▸ Requirement
The whole listing, pictures aside, should be reproduced exactly.
*** Information provided Section Begins ***
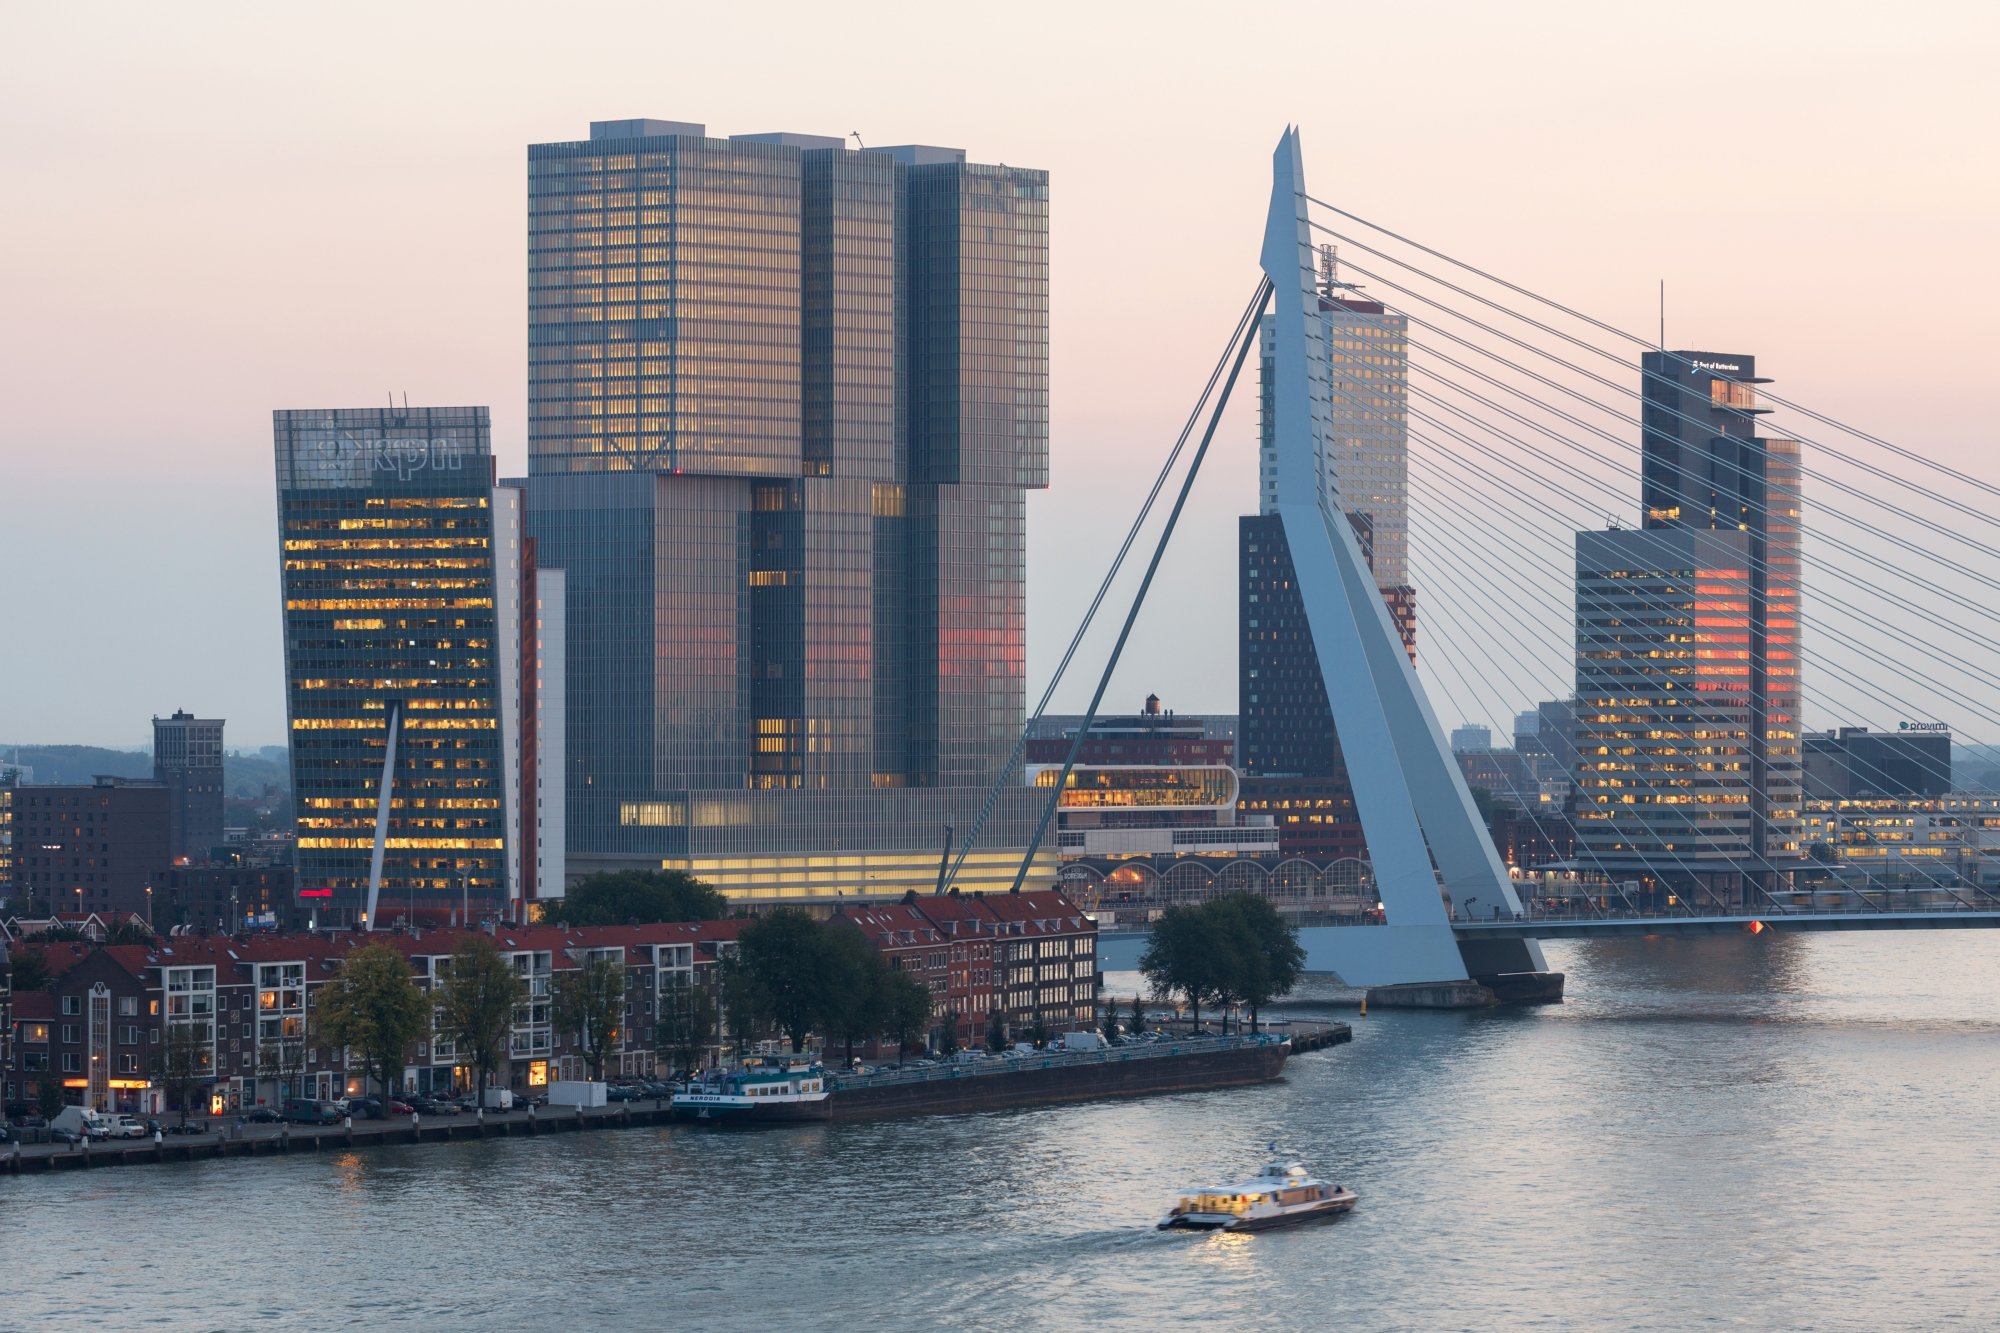 1448-Rotterdam-Image-Bank.jpg
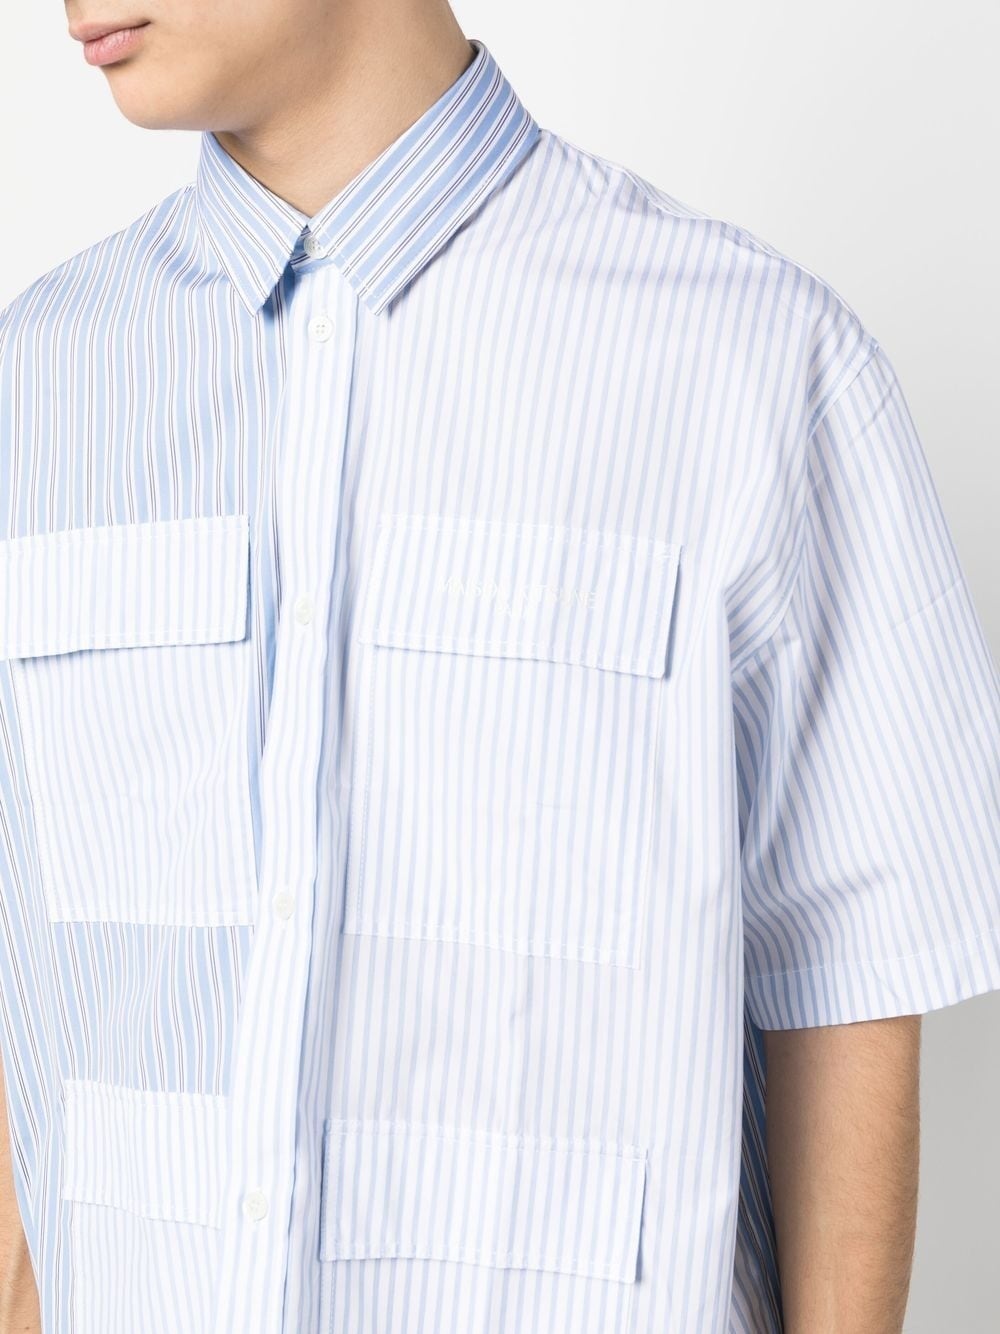 colour-block striped shirt - 5
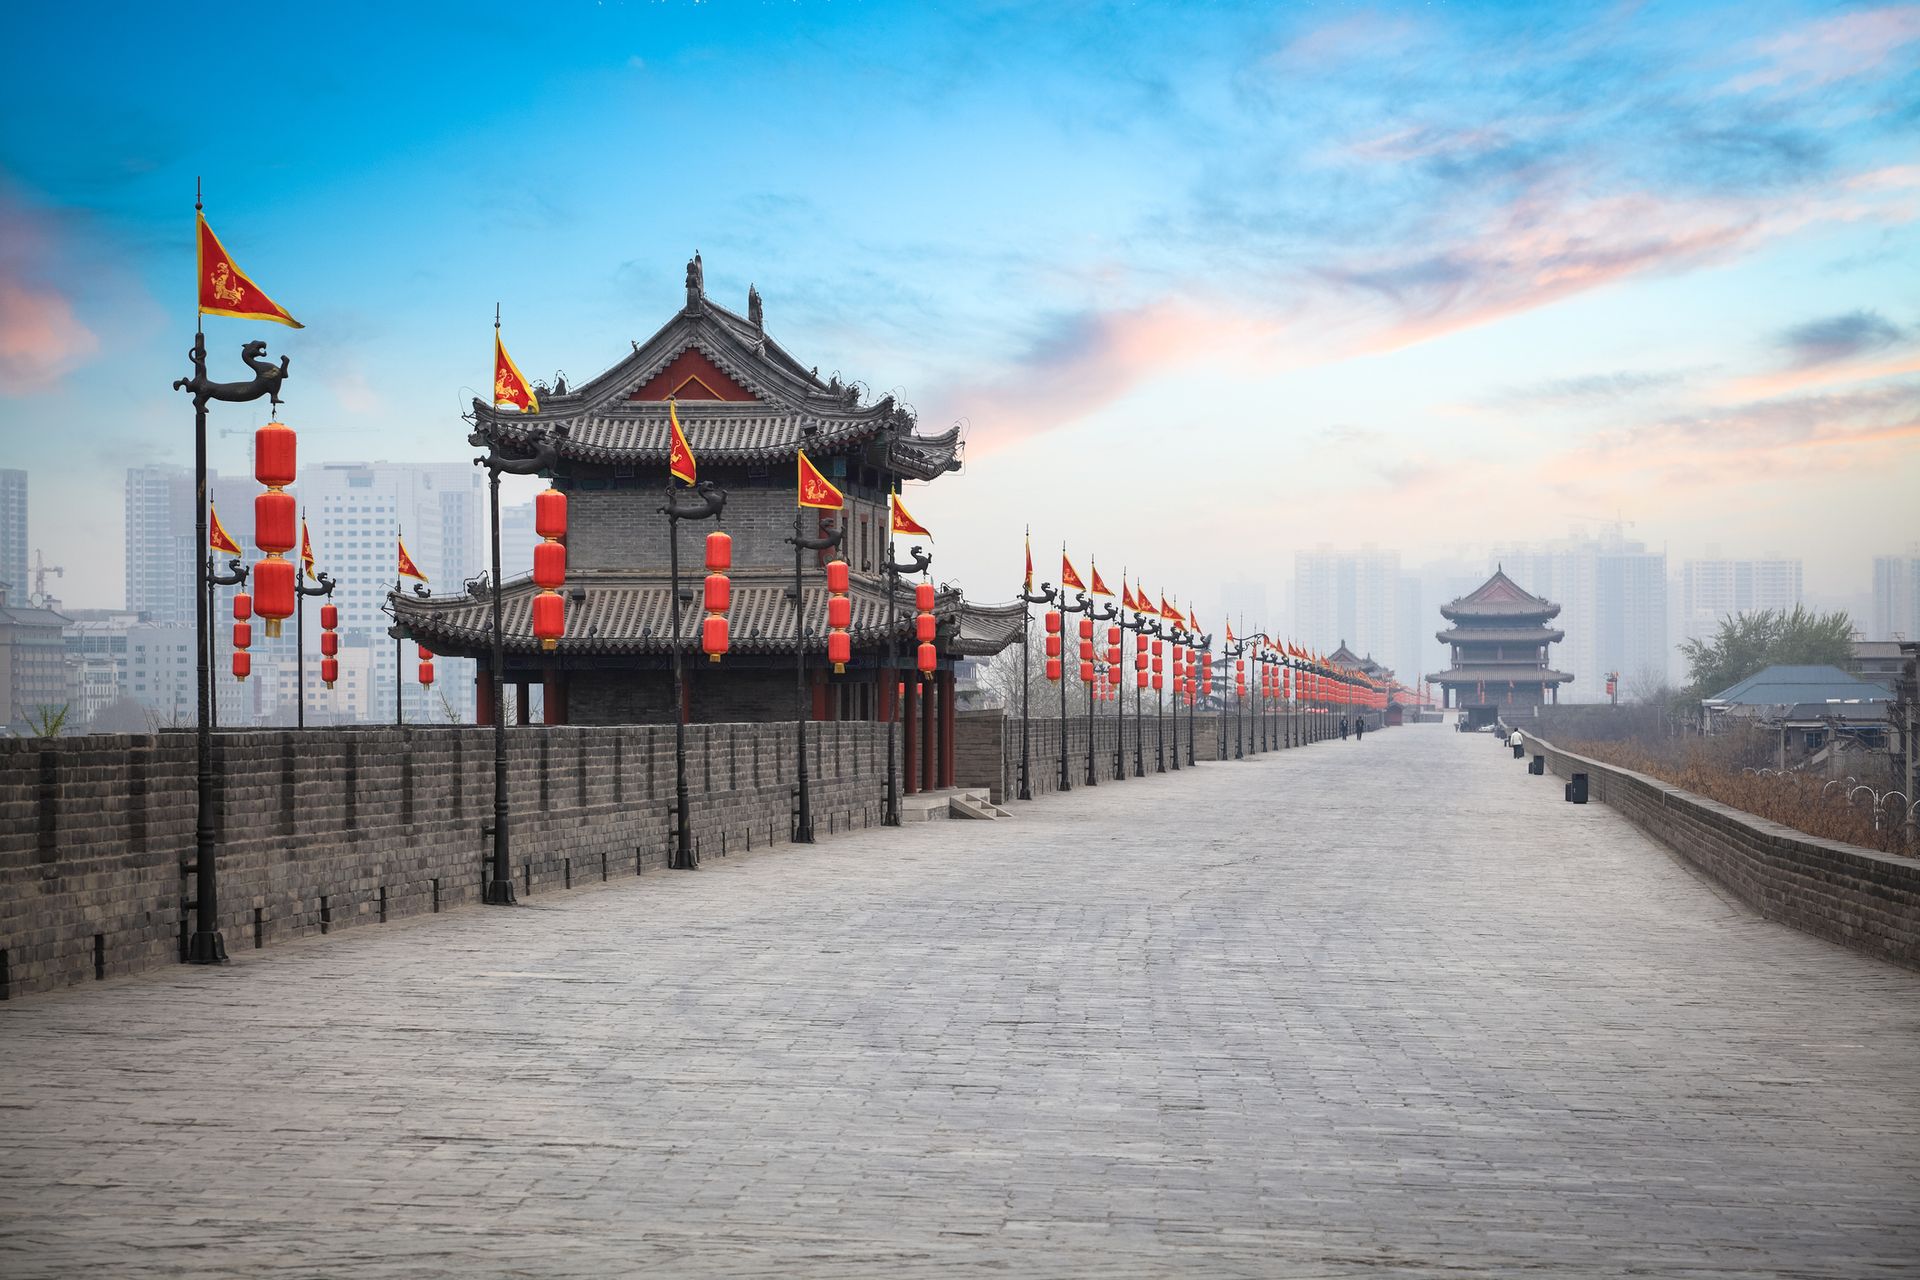 Ancienne muraille de la ville, XiAn - Chine ©iStock
*** Information provided Section Ends ***
▸ Solution to the problem
 1448-Rotterdam-Image-Bank.jpg
 colour-block striped shirt - 5
 Ancienne muraille de la ville, XiAn - Chine ©iStock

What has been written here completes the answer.